**Given material**
>>>>>

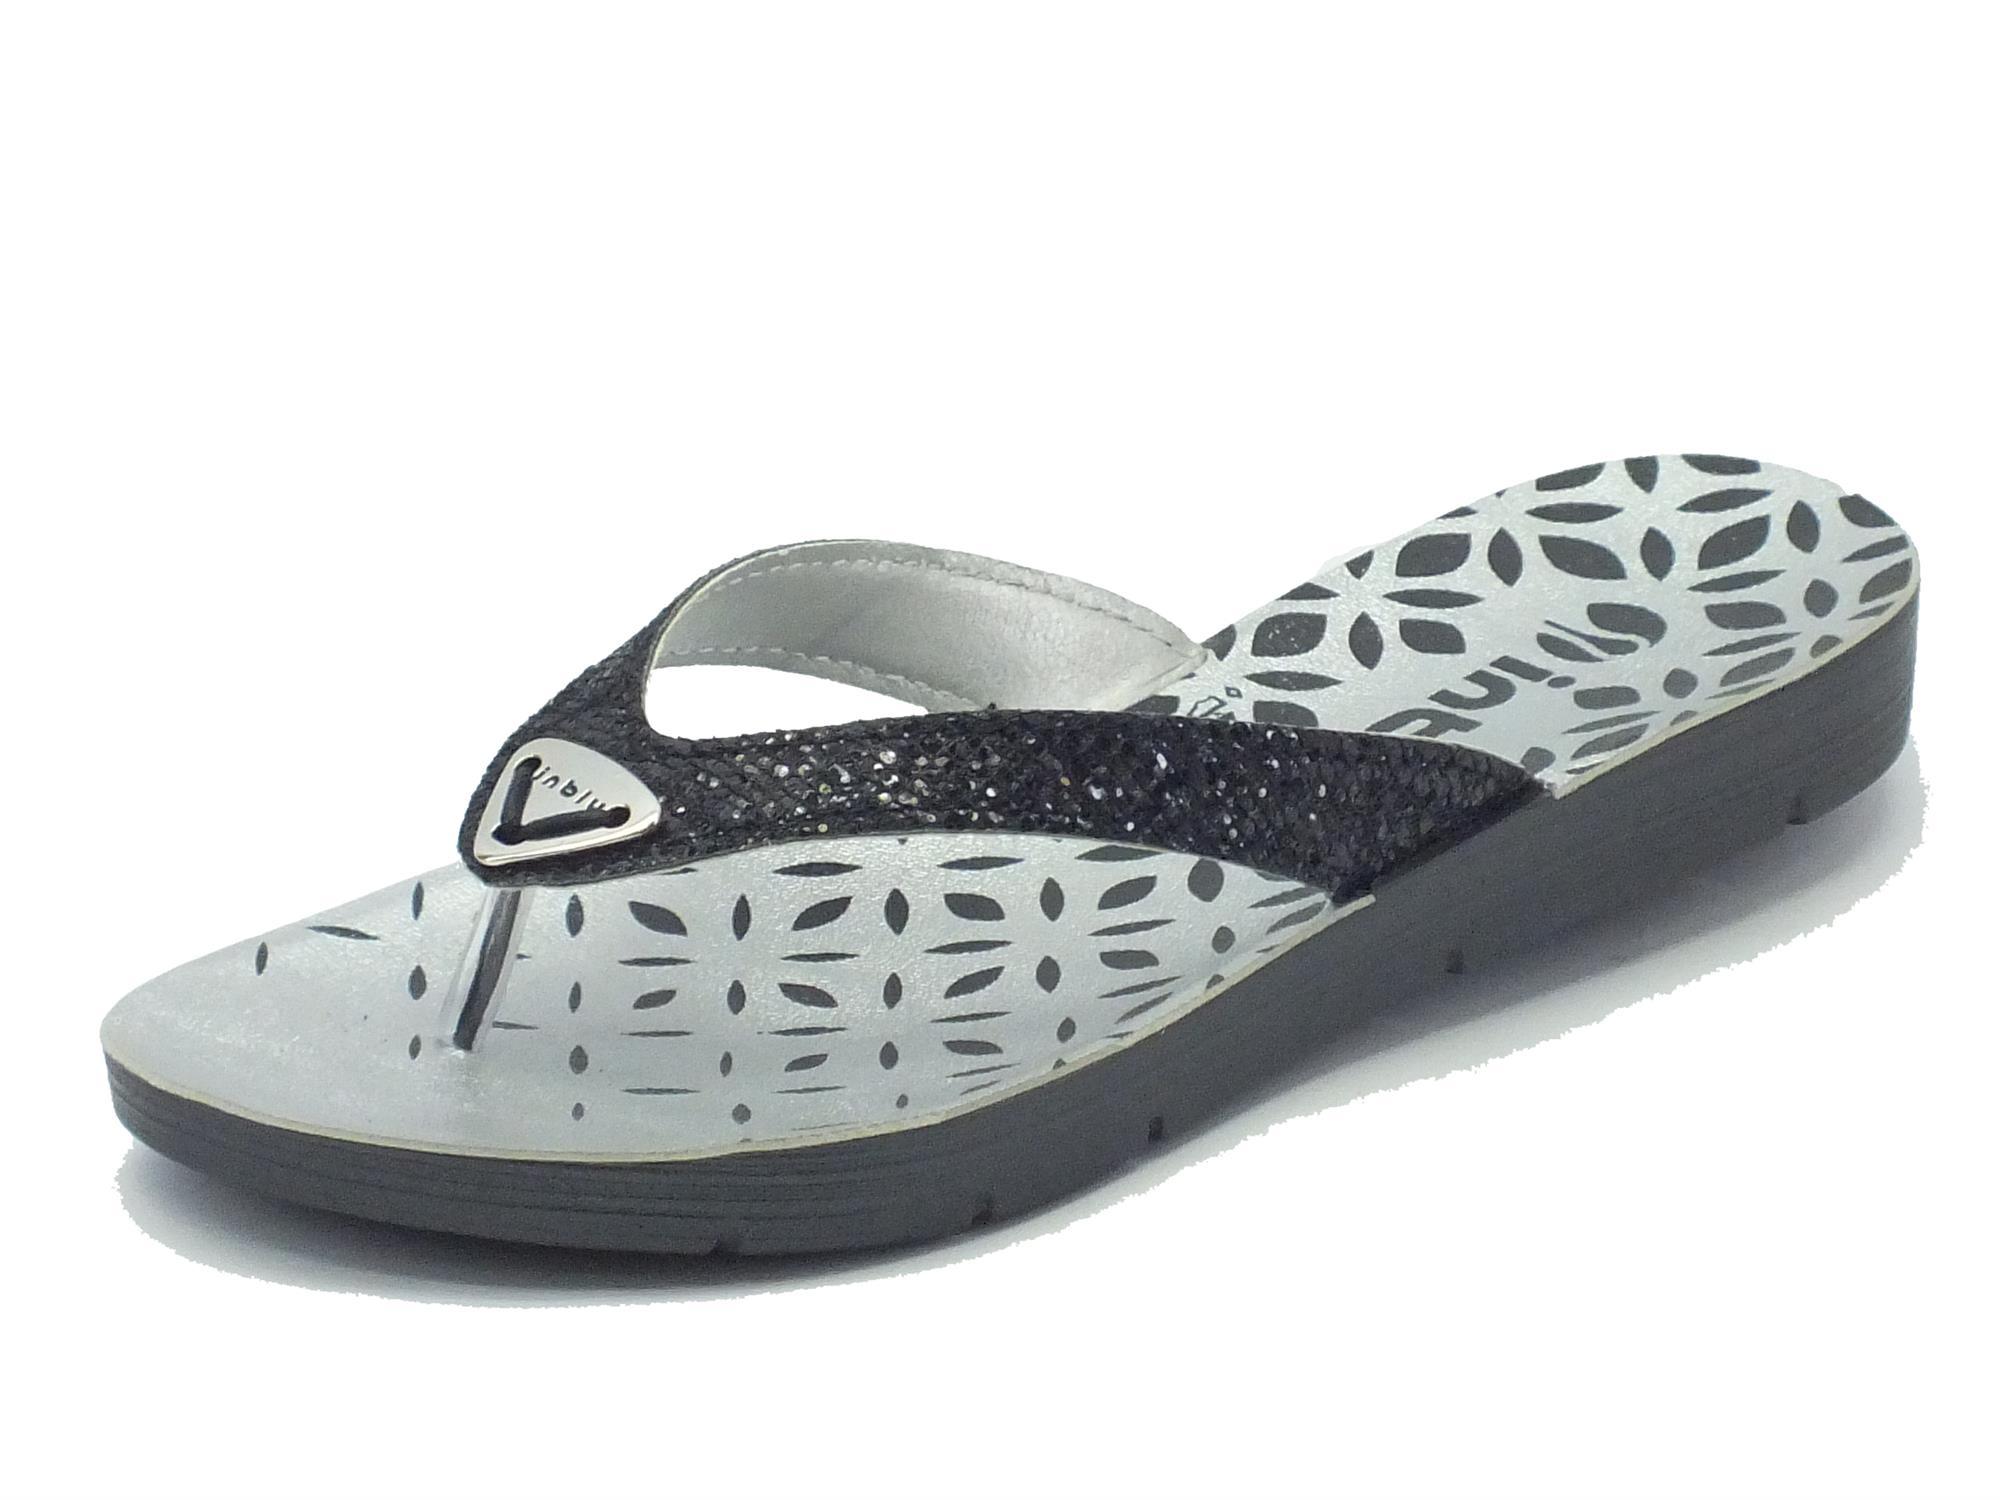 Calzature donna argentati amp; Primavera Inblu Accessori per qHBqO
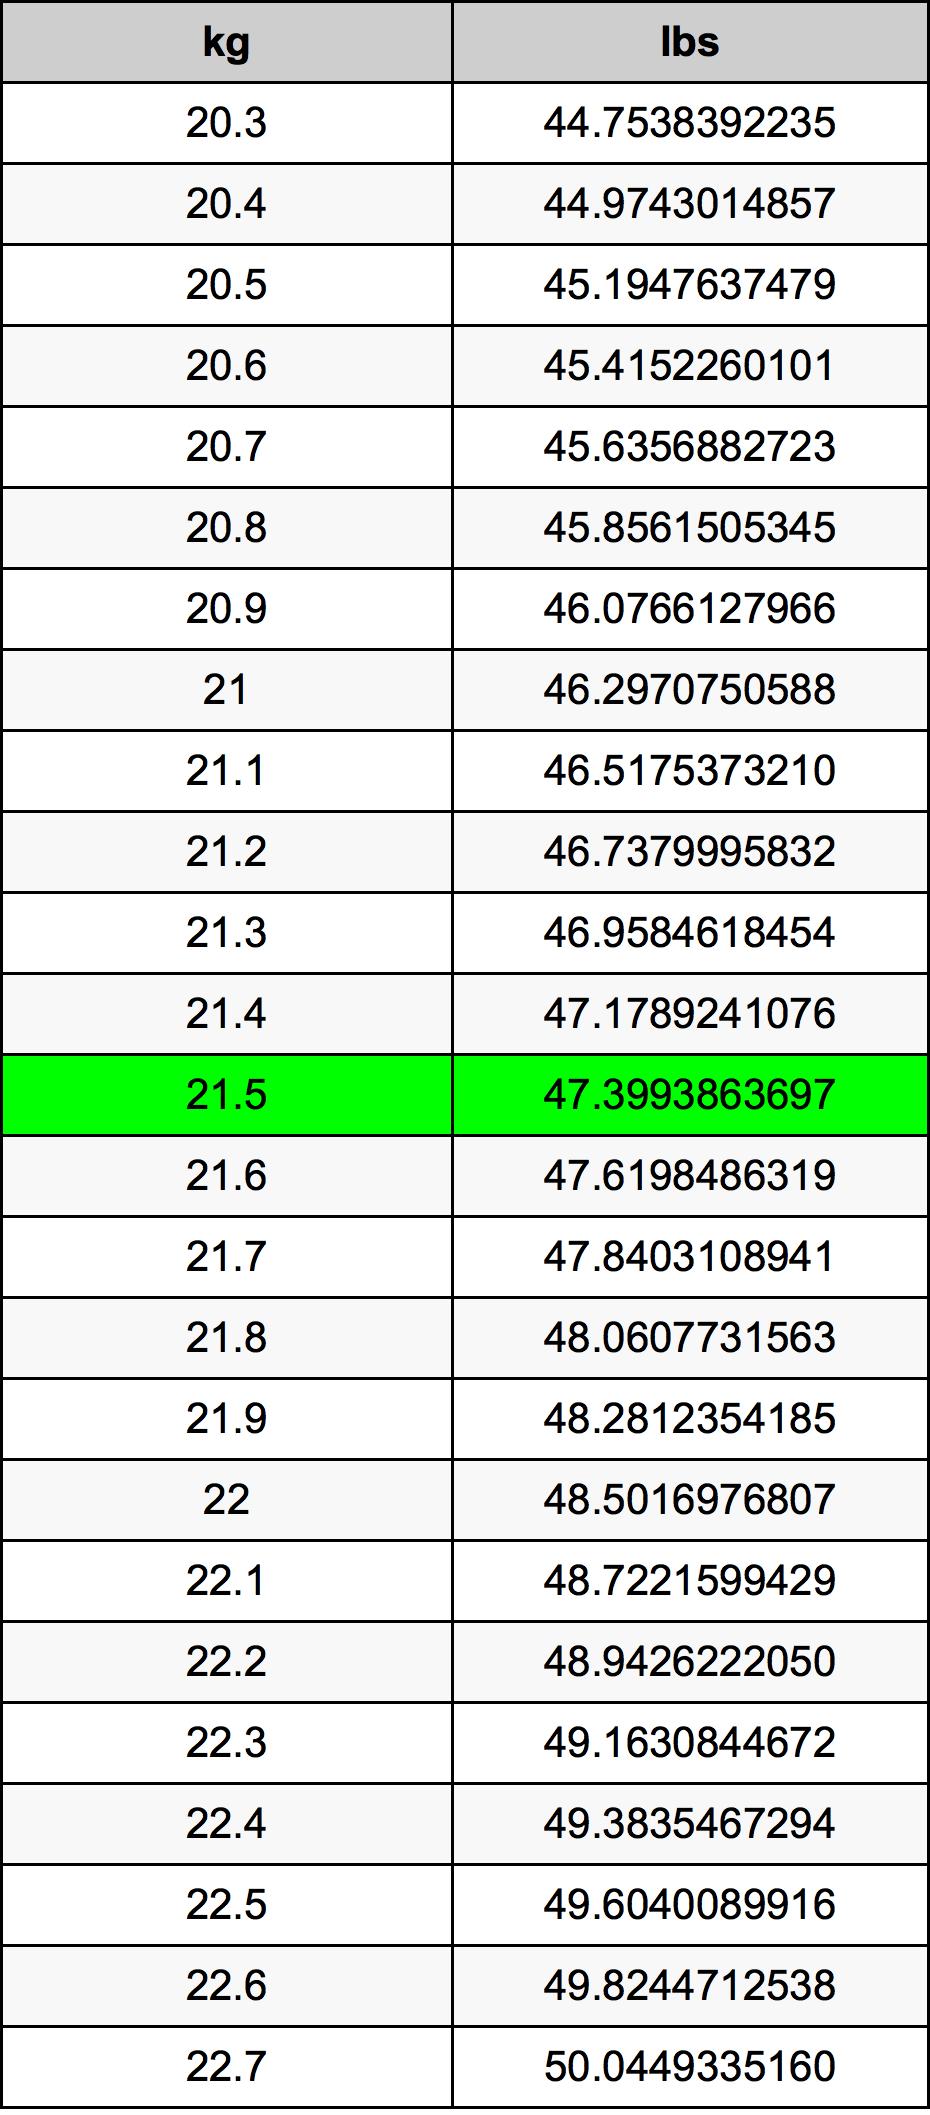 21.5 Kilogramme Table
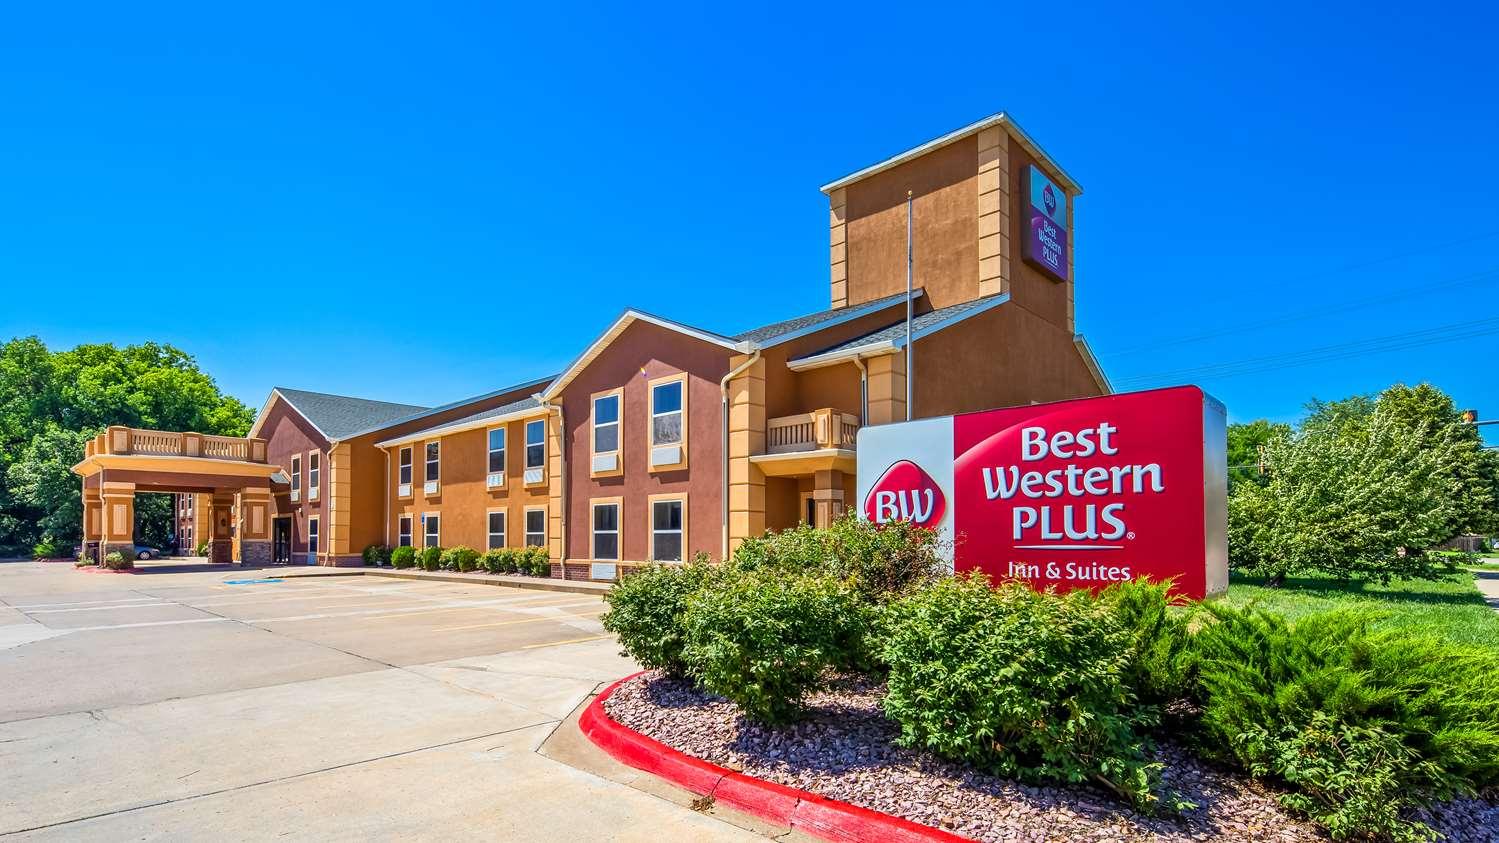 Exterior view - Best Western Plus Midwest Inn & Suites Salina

<<<<<

**The task**
Reproduce each line above precisely, with no pictures.

**Answer for the task**
 Calzature donna argentati amp; Primavera Inblu Accessori per qHBqO
 21.5 Kilogramme Table
 Exterior view - Best Western Plus Midwest Inn & Suites Salina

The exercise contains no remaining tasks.